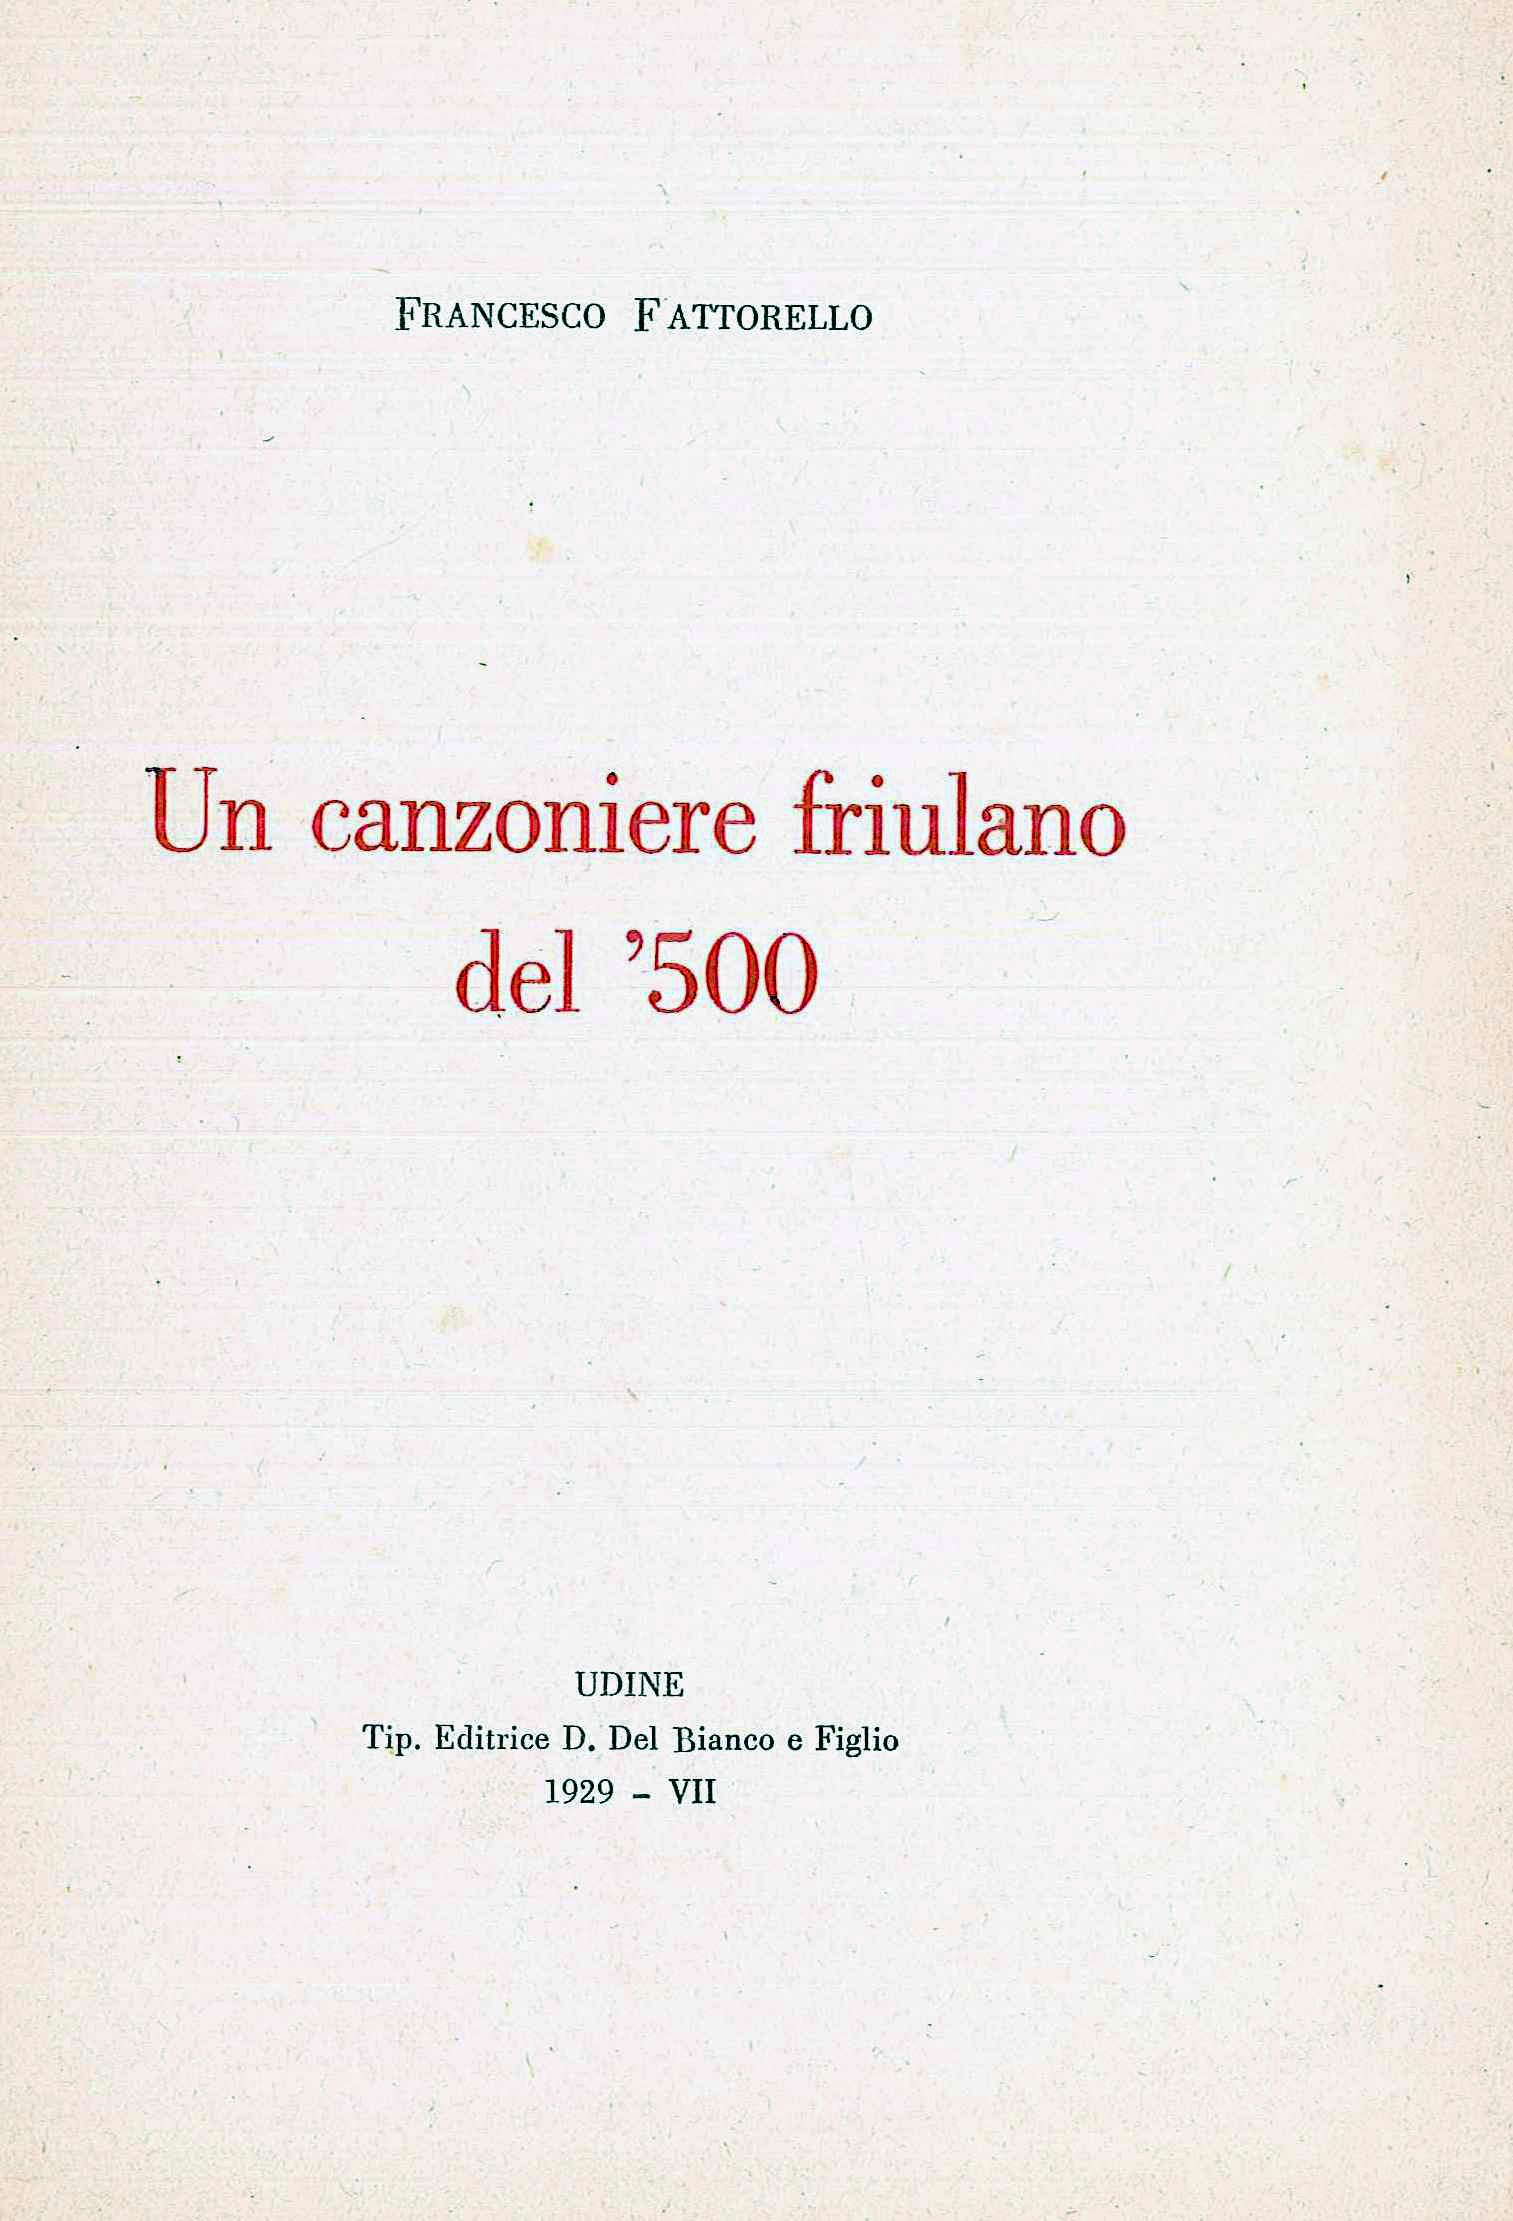 Un canzoniere friulano del '500 (Tipografia D. Del Bianco e figlio - Udine 1929 - VII)
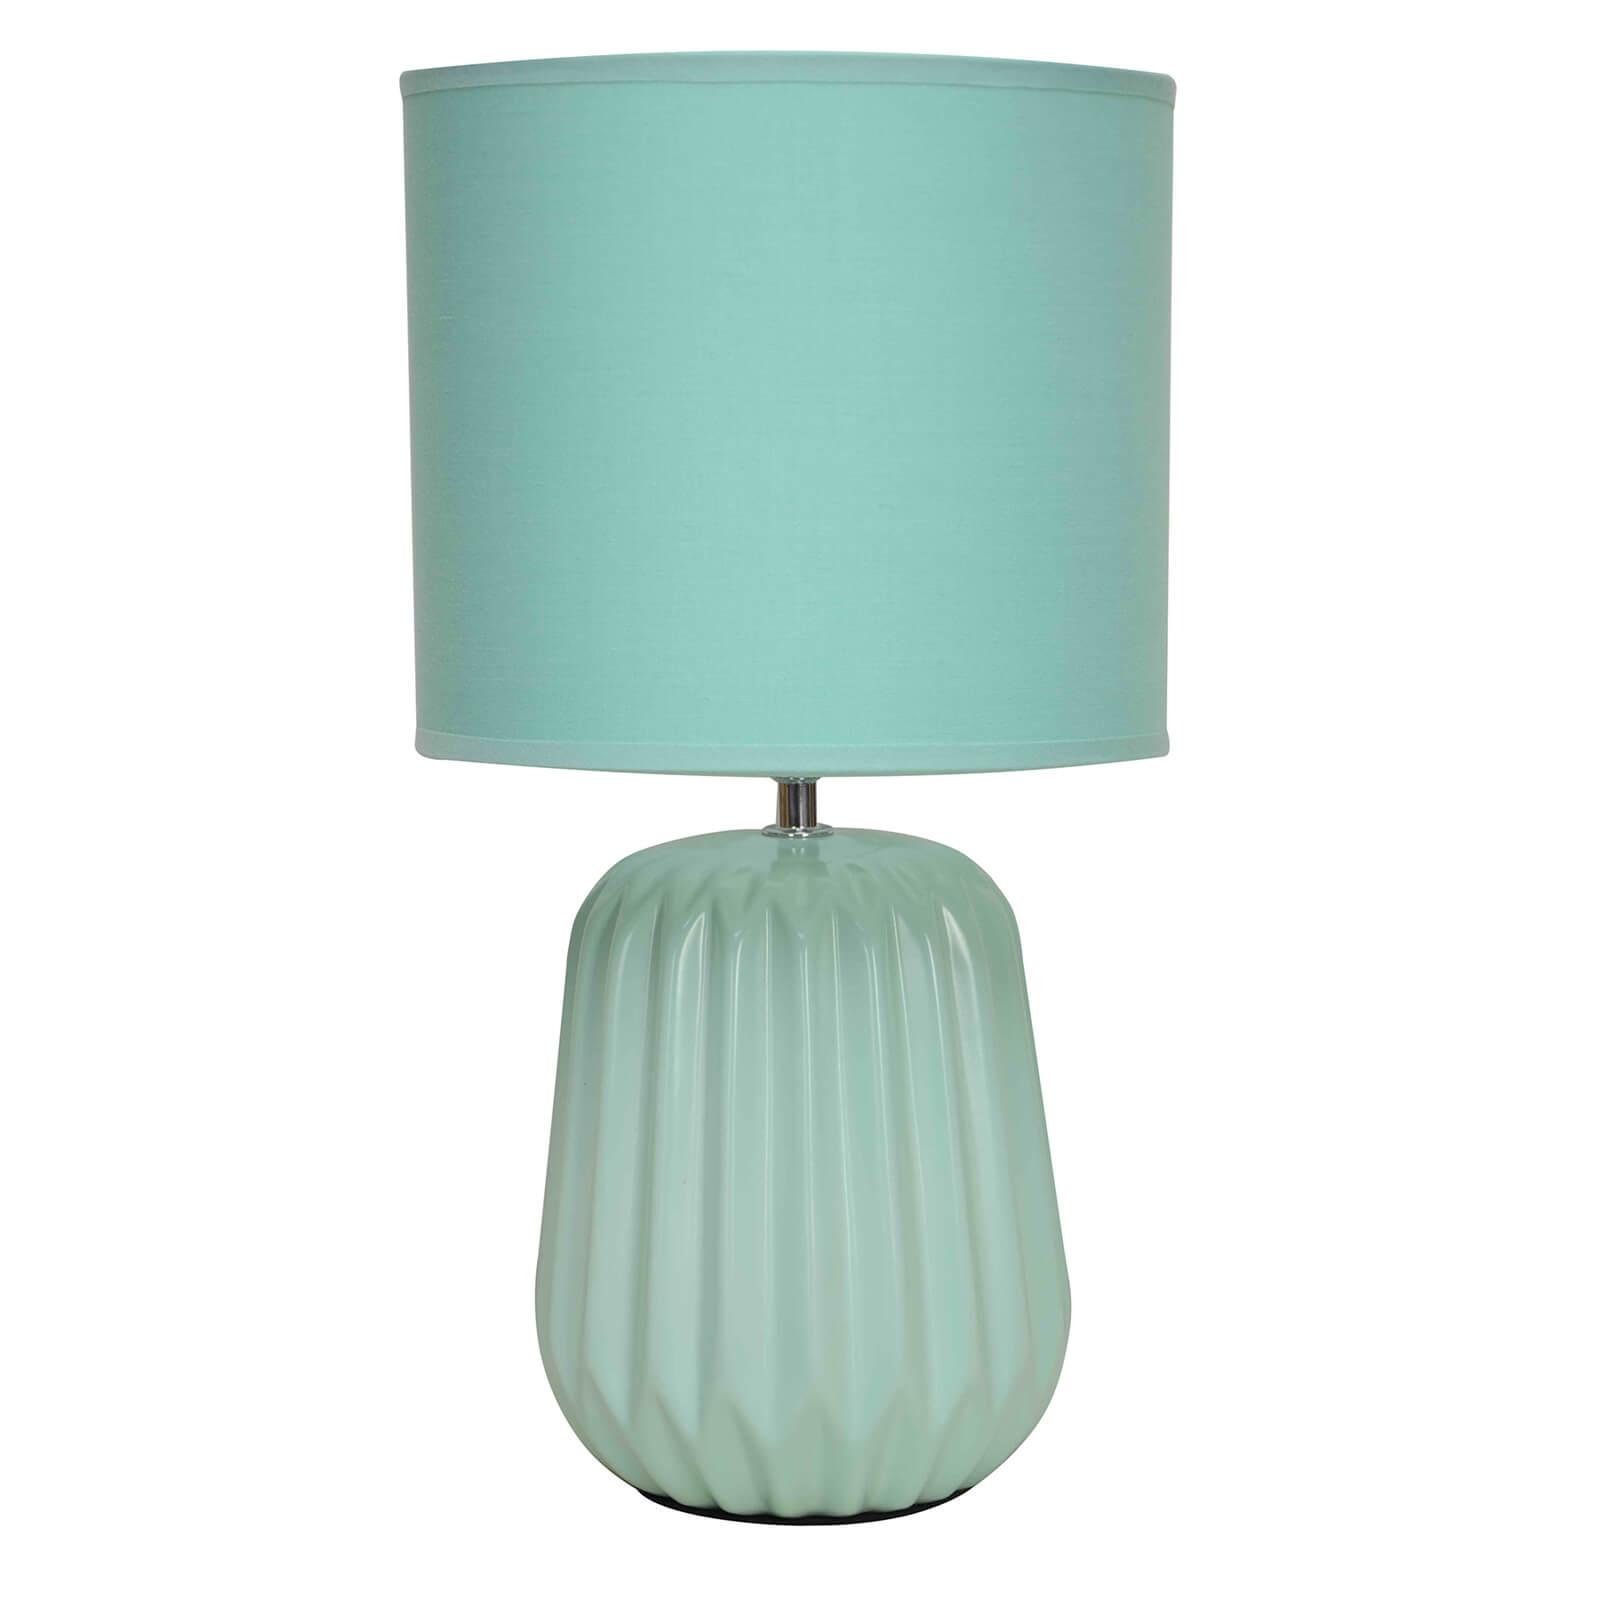 Winola Turquoise Ceramic Table Lamp
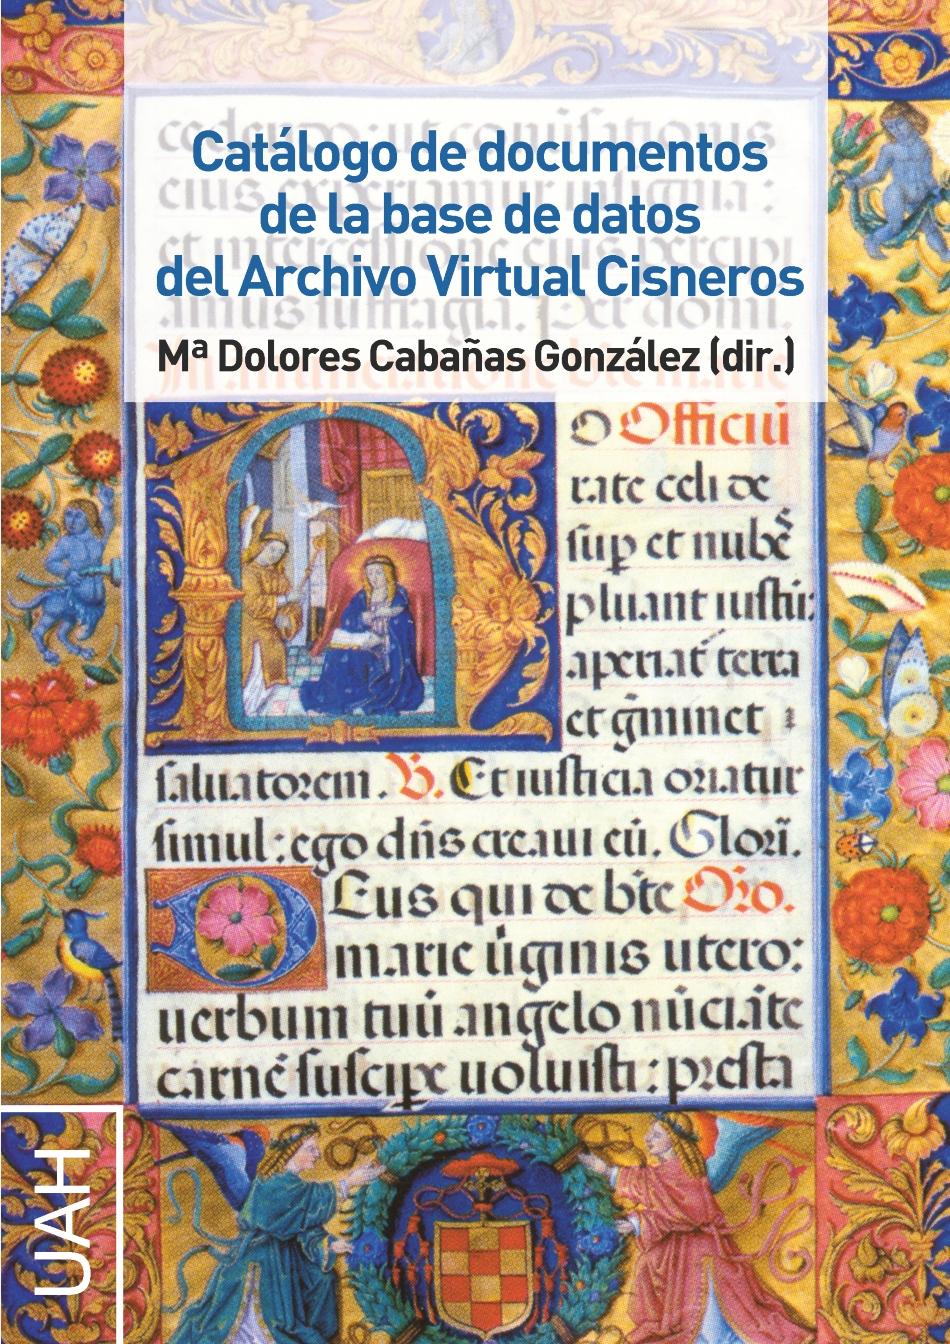 Catálogo de documentos de la base de datos del Archivo Virtual Cisneros -LIBRO ELECTRÓNICO-

Task brief:
Give back the material above exactly, without pictures.

Answer:
 Un canzoniere friulano del '500 (Tipografia D. Del Bianco e figlio - Udine 1929 - VII)
 Winola Turquoise Ceramic Table Lamp
 Catálogo de documentos de la base de datos del Archivo Virtual Cisneros -LIBRO ELECTRÓNICO-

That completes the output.